A *算法找不到最短路径

Question

I am trying to implement the A* algorithm in python but have hit a problem when trying to find the path of this map:

X X X X X X X     S = Start
0 0 0 X 0 0 0     E = End
0 S 0 X 0 E 0     X = Wall
0 0 0 X 0 0 0
0 0 0 0 0 0 0

I am using the Manhattan method. My implementation does find a path, but not the shortest one. The error starts on it's second move -- after moving right. At this point it can move up and the heuristic cost would be four (three right, one down) or down (three right, one up). Is there a way so it chooses down to get the shortest path?

Code:

class Node:
    def __init__(self, (x, y), g, h, parent):
        self.x = x
        self.y = y
        self.g = g
        self.h = h
        self.f = g+h
        self.parent = parent

    def __eq__(self, other):
        if other != None:
            return self.x == other.x and self.y == other.y
        return False

    def __lt__(self, other):
        if other != None:
            return self.f < other.f
        return False

    def __gt__(self, other):
        if other != None:
            return self.f > other.f
        return True

    def __str__(self):
        return "(" + str(self.x) + "," + str(self.y) + ") " + str(self.f)

def find_path(start, end, open_list, closed_list, map, no_diag=True, i=1):
    closed_list.append(start)
    if start == end or start == None:
         return closed_list
     new_open_list = []
     for x, y in [(-1,1),(-1,-1),(1,-1),(1,1),(0,-1),(0,1),(-1,0),(1,0)]:
        full_x = start.x + x
        full_y = start.y + y
        g = 0
        if x != 0 and y != 0:
            if no_diag:
                continue
            g = 14
        else:
            g = 10
        h = 10 * (abs(full_x - end.x) + abs(full_y - end.y))
        n = Node((full_x,full_y),g,h,start)
        if 0 <= full_y < len(map) and 0 <= full_x < len(map[0]) and map[full_y][full_x] != 1 and n not in closed_list:
            if n in open_list:
                if open_list[open_list.index(n)].g > n.g:
                    new_open_list.append(n)
                else:
                    new_open_list.append(open_list[open_list.index(n)])
            else:
                new_open_list.append(n)
    if new_open_list == None or len(new_open_list) == 0:
        return find_path(start.parent, end, open_list, closed_list, map, no_diag, i-1)
    new_open_list.sort()
    return find_path(new_open_list[0], end, new_open_list, closed_list, map, no_diag)

Answer 1

You seem to be constructing a new open list for each node, which contains only that node's neighbors. This essentially makes your search a form of a depth-first search, while A* should be a best-first search.

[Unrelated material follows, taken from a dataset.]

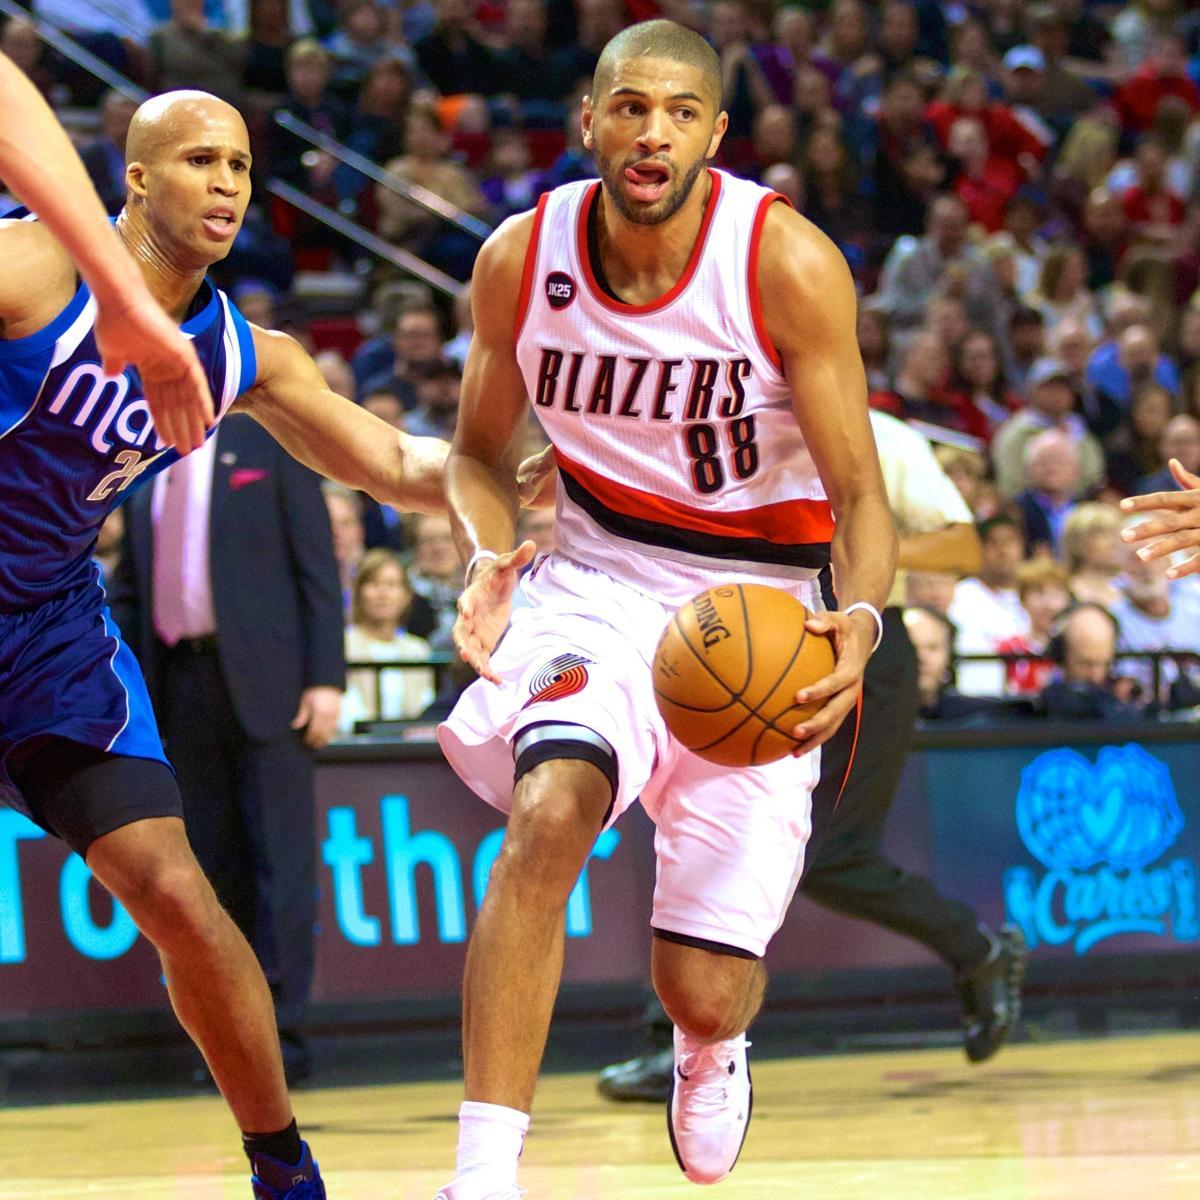 Blazers Score: Dallas Mavericks Vs. Portland Trail Blazers: Live Score
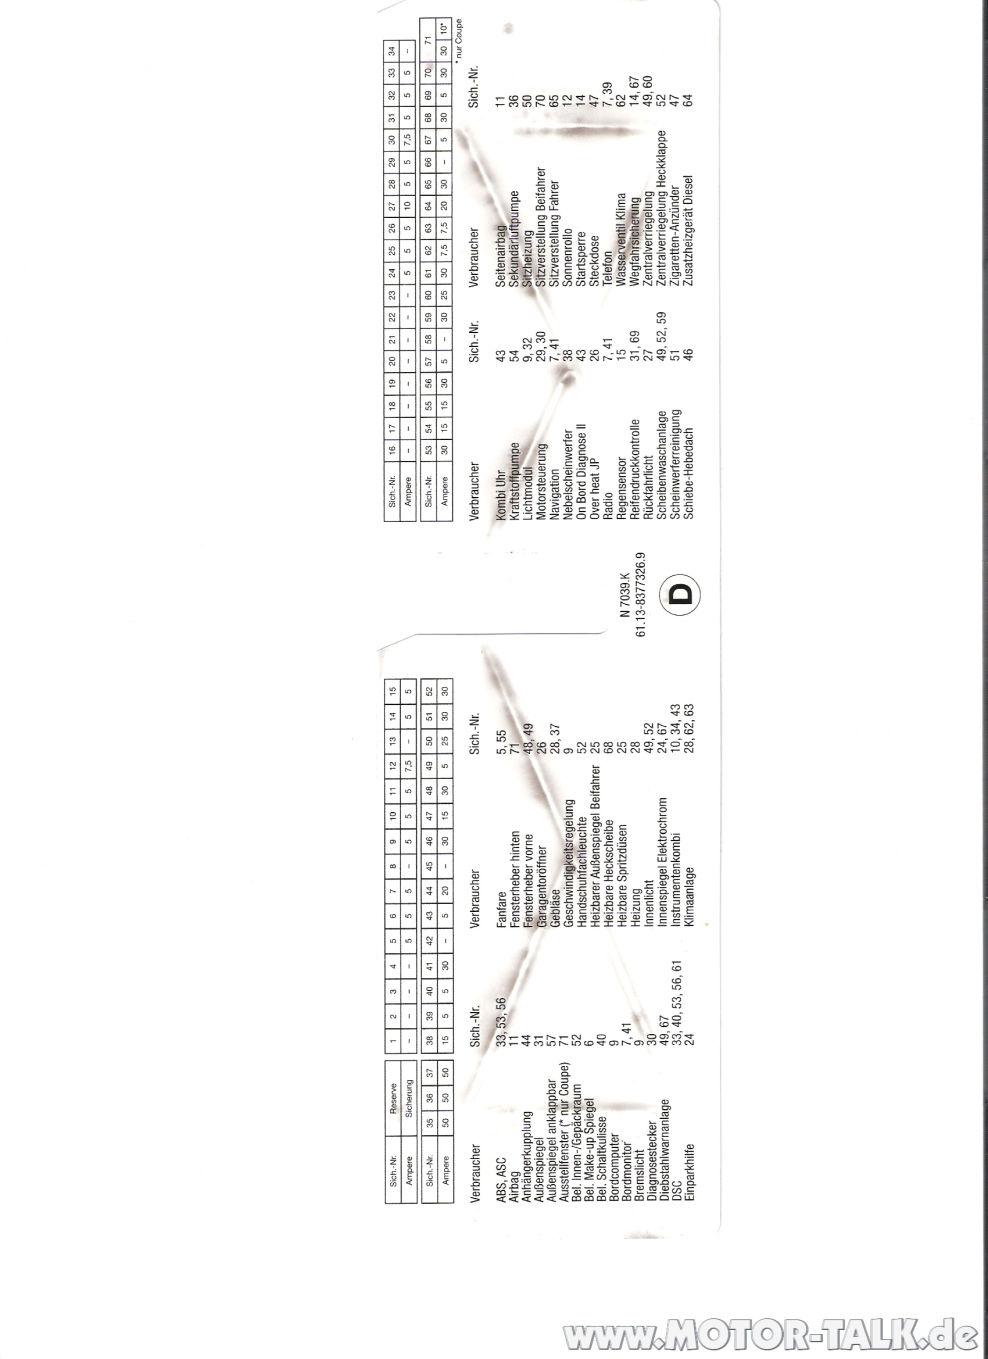 Sicherungsbelegung : 330d bj 2001 stecksicherungsplan

You need to use one open list which will be updated with each node's neighbors as you visit that node. The old nodes in the open list must remain there until they are traversed and moved to the closed list.

Regarding what you said in your question, It's OK for the search to try moving up before down (since according to the heuristic, they are the same distance from the goal). What matters is that in the end, the path chosen will be the shortest.